Roughly 50 people gathered at Community Square, in front of McGill’s James Administration Building, to celebrate International Workers’ Day on May 1 and to stand in solidarity with the academic and non-academic workers at the university. Organized by the Inter-Union Council of McGill, the rally included talks by community members, who spoke about the corporatization of the university and the effects of provincial austerity measures.
In an open letter delivered after the rally to the James Administration Building and signed by the event’s participants, workers and students of McGill “[condemned] the Administration’s attack on workers and [signalled] that [they] are united, strong, and prepared to fight back.”

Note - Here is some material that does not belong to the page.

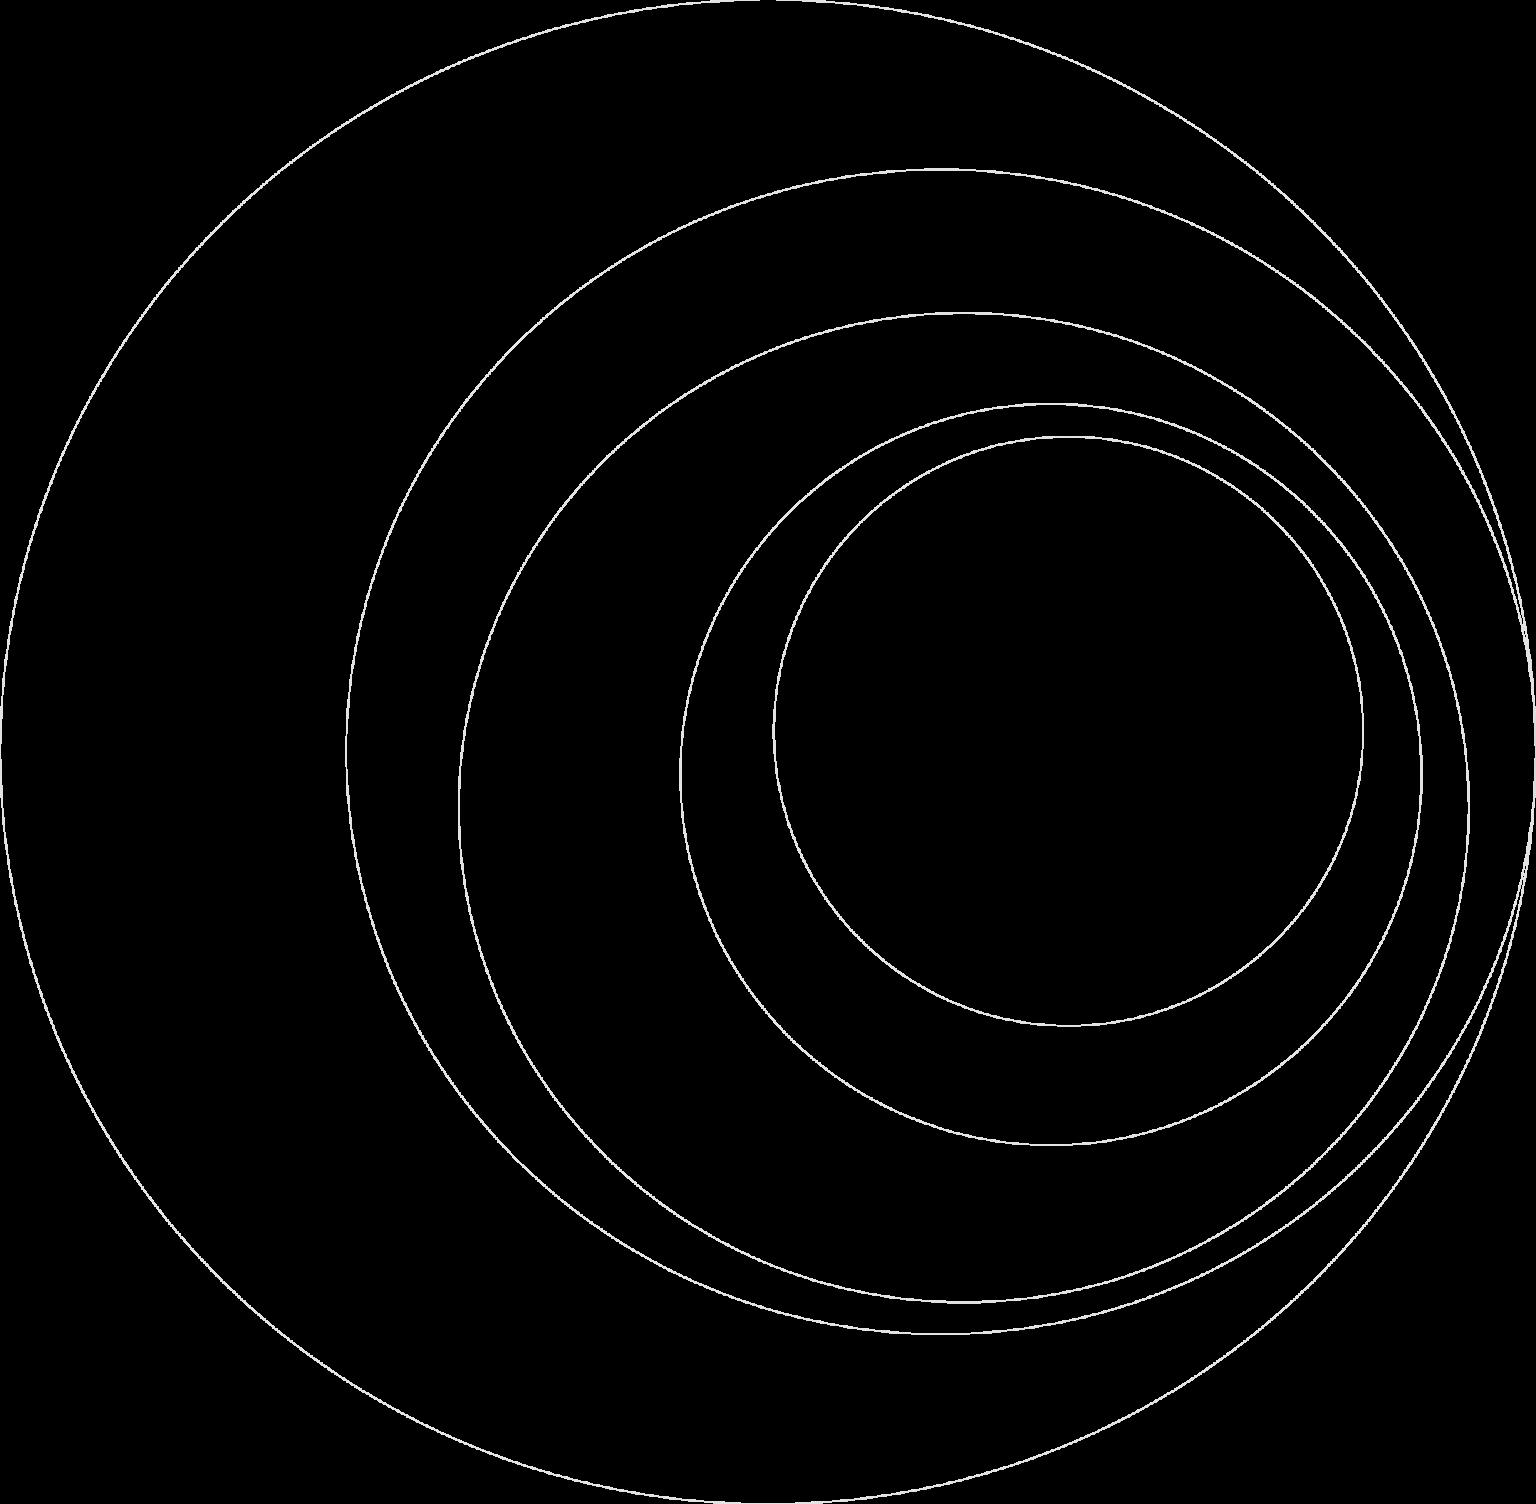 Big-Circles.png  Hope UI – Clean Design System & Dashboard Big Circles pbsb0ihx1gl99ypcjo8y4naootnwzzxsple8xqfs8w

The letter also condemned the closing of the McGill Life Sciences Library and the Education Library, the centralization and restructuring of Arts Faculty administrative offices, and the cutting of over 100 Arts courses. These actions taken by the Administration were used to justify “the abolishing of many full-time employment positions, diminishing the quality and collegial climate of undergraduate education, and contributing to tangible overcrowding in the McLennan and Schulich libraries.”
Casualisation at McGill
According to Sheehan Moore, an outreach coordinator at the Association of McGill University Support Employees (AMUSE) and the Association of McGill University Research Employees (AMURE), McGill is justifying its policy of casualisation with the provincial government’s budget cuts to education and the ensuing deficit. However, Moore characterized the deficit as “non-existing,” referring to University’s recent declaration of a $4.3 million surplus in its 2014-15 fiscal budget.
While originally forecasting a $7 million deficit, Provost Anthony Masi announced the unexpected surplus at McGill’s Senate on April 22. Similarly, in the 2013-14 academic year, the University was expecting an operating deficit of about $10 million, but instead ran an operating surplus of over $15 million. Still, the University’s 2015-16 budget forecasts an additional $11 million reduction in the operating budget, to be mitigated by the continuation of cost-cutting practices introduced in the past two years, including casualisation.

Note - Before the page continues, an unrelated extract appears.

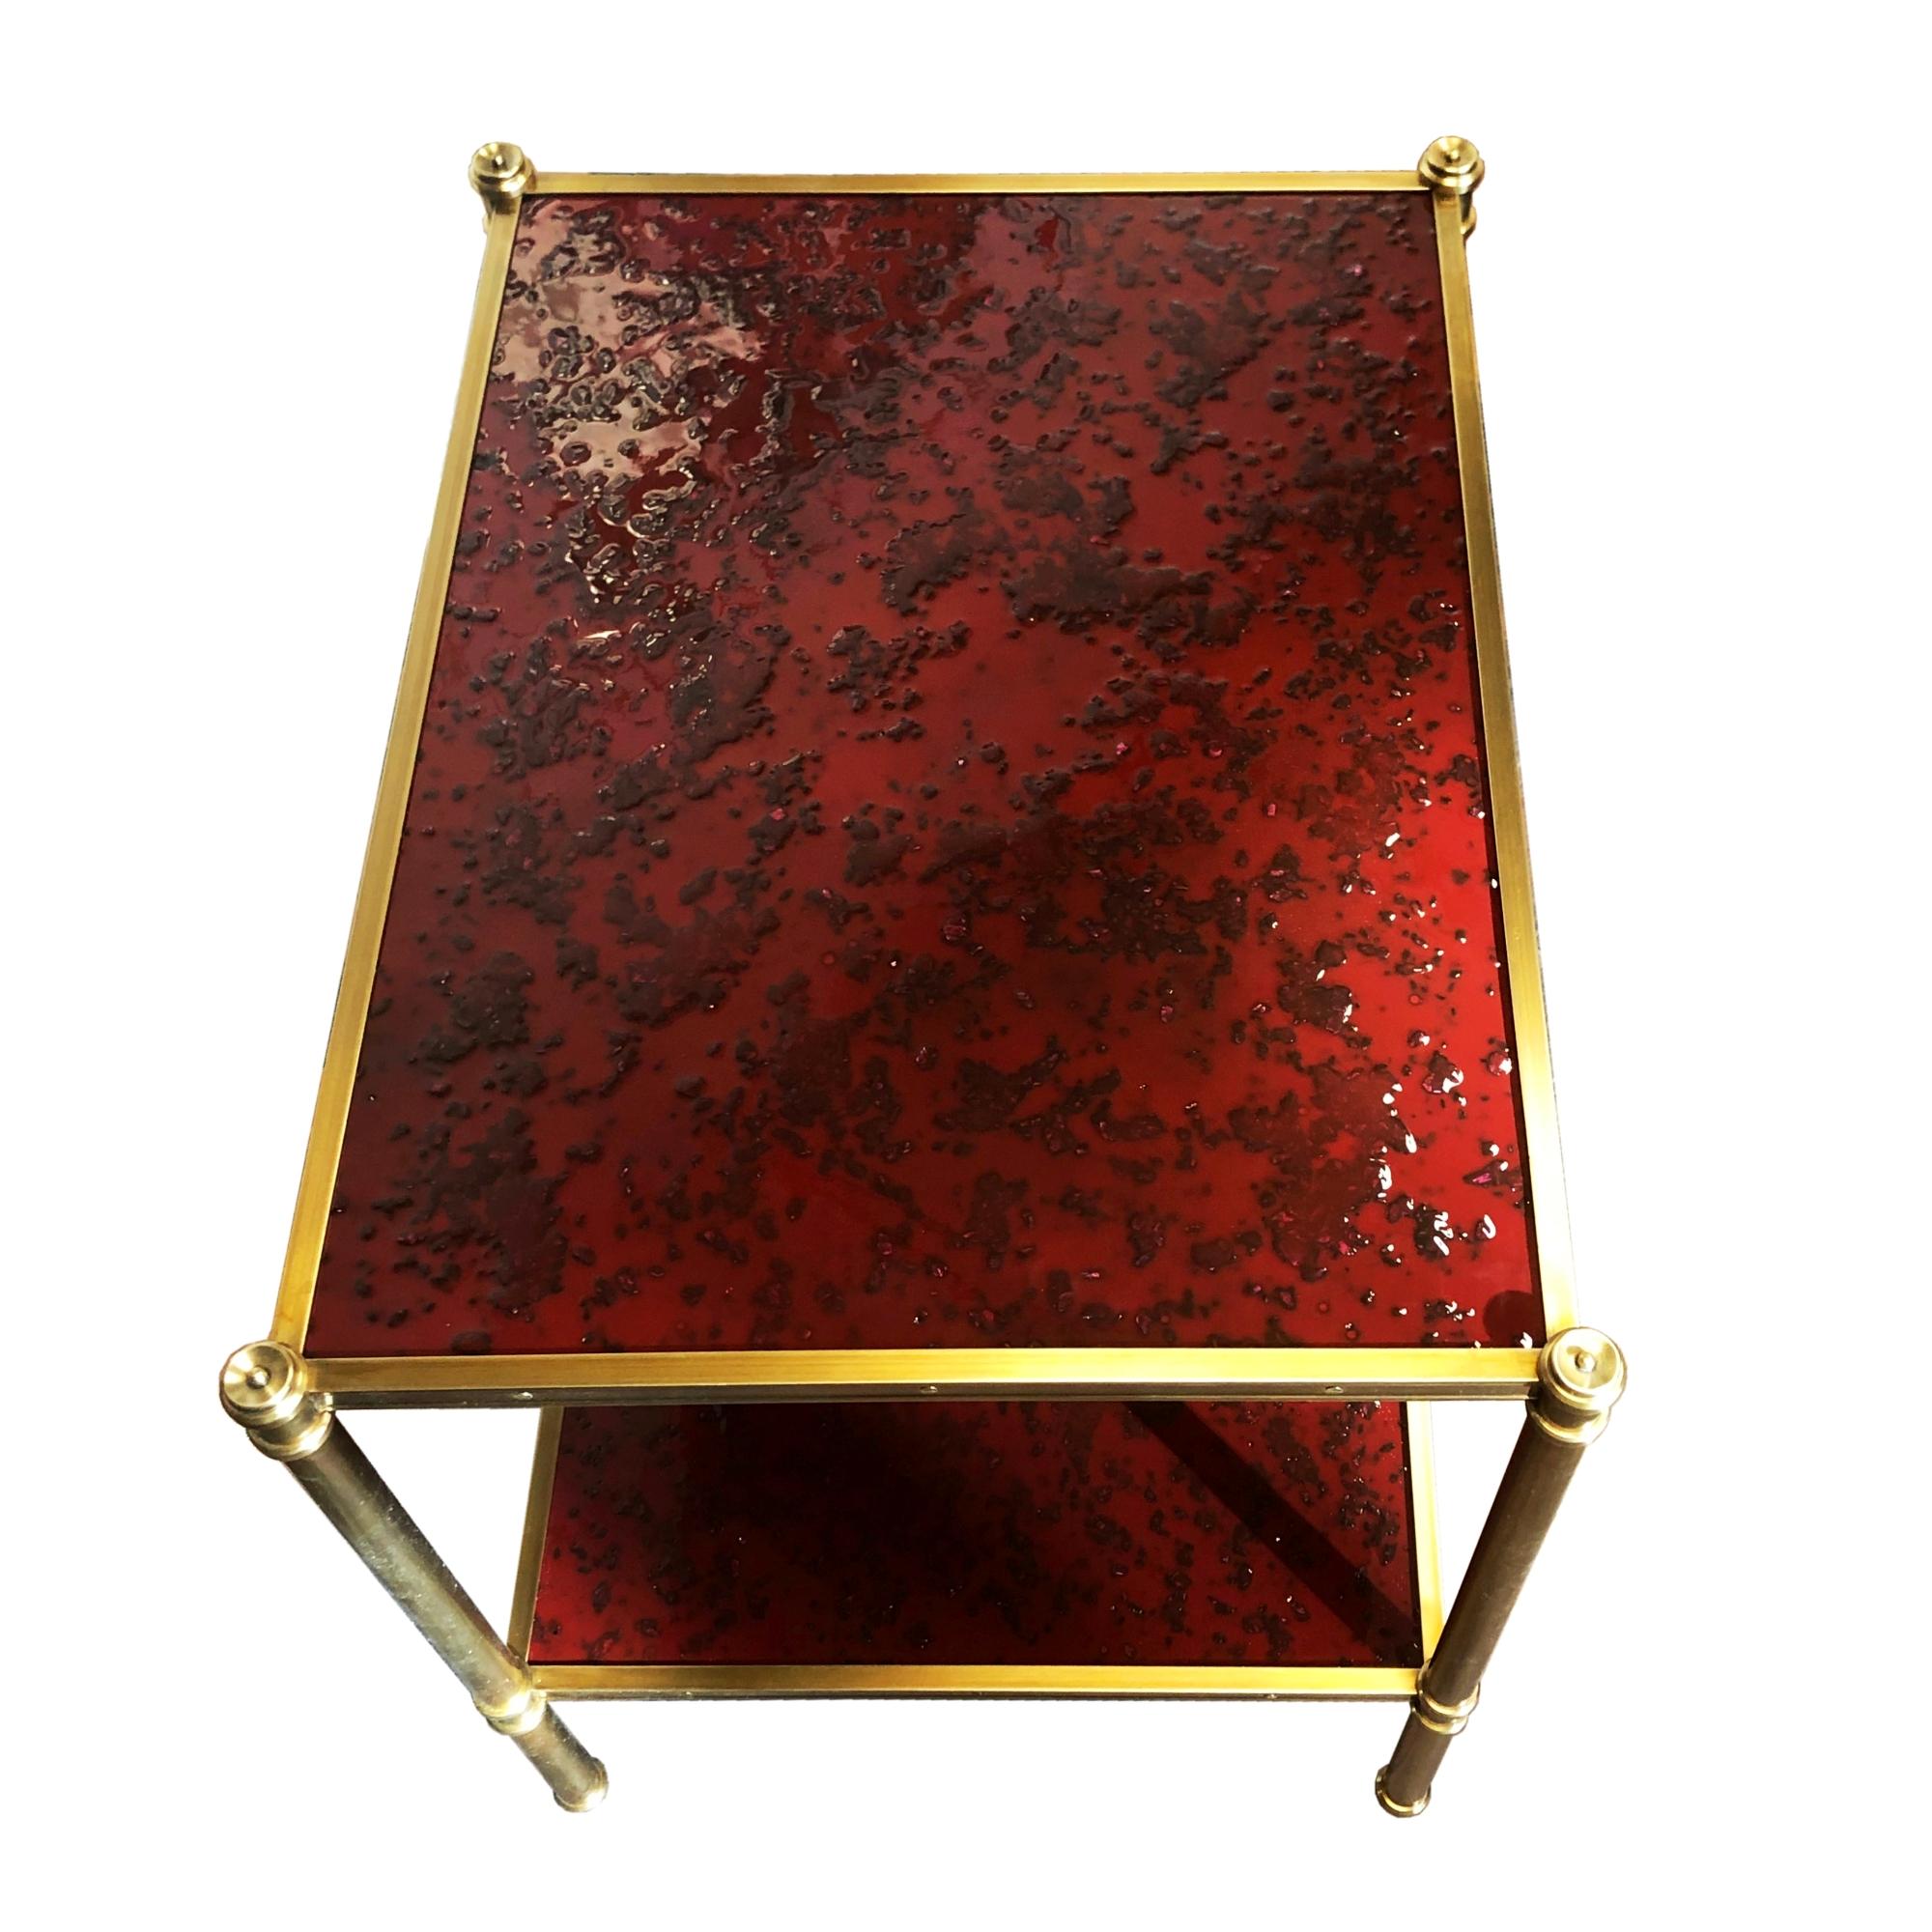 R801ST-Cole-Porter-Side-Table-Custom-Size-Finish-Materials-Bespoke-Victoria-Son-Red-Molten-Gypsum-Brass.jpg

“What [casualisation] means is the process by which good, well-paid, stable jobs are destabilized and replaced by temporary and precarious jobs, with fewer benefits et cetera. At McGill, this instability takes the form of short-term contracts, constant contract renewals, [and] unreliable schedules,” said Moore.
AMUSE to start negotiating collective agreement
Moore explained that AMUSE’s collective agreement with McGill expired on April 20, although it will remain in effect until a new bargain is struck. The union will begin negotiating with the University in May.
Addressing the crowd at the rally, McGill worker and member of the AMUSE bargaining team Agatha Slupek declared on behalf of the Inter-Union Council that “unions at McGill will be joining [their] comrades in the fast-food and retail industries [in calling] for a $15 campus-wide minimum wage.”
“Approximately 1500 workers on campus make less than $12 an hour – invigilators and non-academic casual staff making up the bulk of that group. Approximately 500 research assistants make less than $15 an hour – making that 2000 workers who are earning less than $15 [an hour], which has been estimated to be the living wage for the city of Montreal,” Slupek said.
Neoliberalisation of the university
Speaking to the crowd, assistant professor of political science Yves Winter contextualized the circumstances at McGill within a broader process of neoliberalization, “[which] positions the university as a big enterprise. […] It treats students as consumers, and it treats education as commodity.”
Mona Luxion, AGSEM (McGill’s Teaching Assistants Union) Mobilization Committee Chair and a member of Demilitarize McGill, said: “We all live under an economic system that is based on the exploitation of the vast majority of the people for the profit of a few. […] I want to acknowledge that many of us are insulated from the brutality of that system through what we call the welfare state, where a little bit of that profit is redistributed to people in the form of education and healthcare and social services.”
“So [the austerity] we’re seeing this spring – and this is part of a [larger] movement in the Quebec government, in the federal government, [and] across the world – is rolling back this redistribution of any of the profit, so that the brutality of this system is exposed,” added Luxion.
“We must resist against it. We must push for an alternative mission that involves educating students for the common good, a mission that involves responsibilizing ourselves as democratic agents, doing research and teaching that is critical, that isn’t just commodifiable, that isn’t just for profit, and that doesn’t just toe the corporate line,” stated Winter.
“It involves conducting ourselves and training ourselves to hold power accountable and to build [a] kind of community on campus, to build on the community that we have to valorize it rather than undermine it.”